Venice officials on Friday unveiled new rules for day-trippers, which take effect on January 16, 2023.
Tourists who choose not to stay overnight in hotels or other accommodations must register online for the day they plan to come and pay a fee.  These range from €3 to €10 ($3.15 to $10.50) per person, depending on whether you book in advance and if it’s peak season or the city is crowded.
Violators risk fines of up to 300 euros ($315) if they are stopped and cannot prove they booked and paid with a QR code.
About four-fifths of all tourists come to Venice just for the day.  In 2019, the last full year of tourism before the pandemic, about 19 million day-trippers visited Venice and provided only a fraction of the revenue of those who stayed at least one night.
Venice’s tourism commissioner rejected any suggestion that the measure would seek to limit the number of foreigners coming to Italy’s most visited city.
“We will not talk about number cuts.  We are talking about incentives and disincentives,” Simone Venturini told a press conference in Venice.
The booking and billing approach was discussed a few years ago, but was put on hold during the pandemic.  Travel restrictions due to COVID-19 have driven tourism to Venice to almost disappear – and left Venetians with their city virtually to themselves for the first time in decades.
Mass tourism began in the mid-1960s. The number of visitors continued to rise, while the number of Venetians living in the city steadily declined, overwhelmed by congestion, the high cost of delivering food and other goods in Venice without cars and frequent floods that damage homes and businesses.

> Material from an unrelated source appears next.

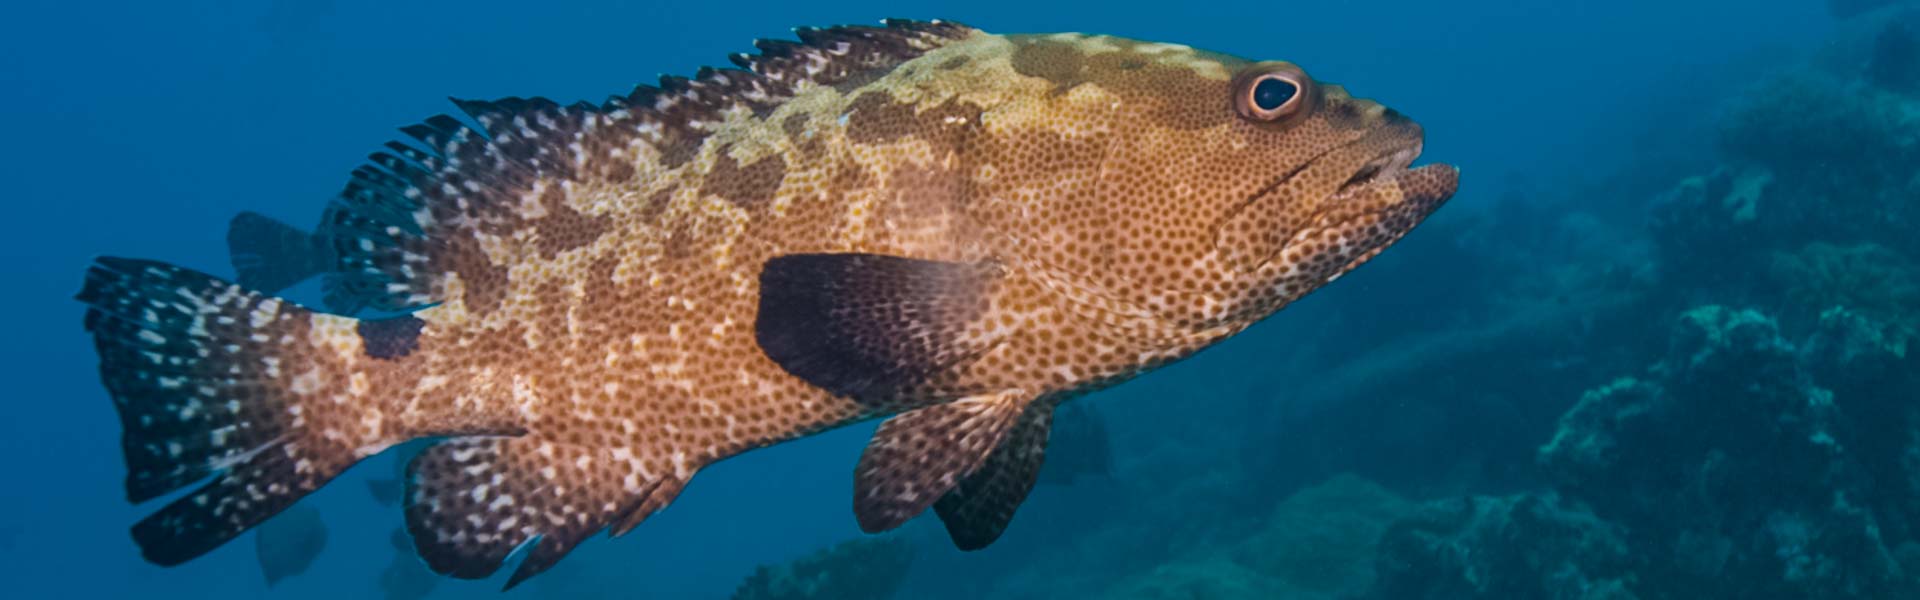 The Camouflage Grouper

Since guests in hotels and guesthouses already pay accommodation tax, they are exempt from the obligation to book and charge.
With the new rule, Venice aims to “find that balance between (Venetian) residents and long-term and short-term visitors,” Venturini said, promising that the new system “will be simple for visitors” to manage.  He described Venice as the first city in the world to implement such a system for day visitors.
The tourism official hoped the fee and reservation requirement would “reduce friction between day visitors and residents”.  In the peak tourism system, tourists can outnumber residents 2 to 1 in the 5 square kilometer (2 sq mi) city.
Venice’s permanent population in the historic city numbers just over 50,000, a small fraction of what it was a few generations ago.
Exemptions from day trip fees include children under 6, people with disabilities and those who own holiday apartments in Venice, provided they can prove they pay property taxes.
Cruise ships contribute to the hordes of visitors that flood Venice’s maze of narrow streets, especially near St. Mark’s Square, when they disembark day trippers for a few hours.  These guests will also have to pay unless their cruise company pays them a set fee in Venice.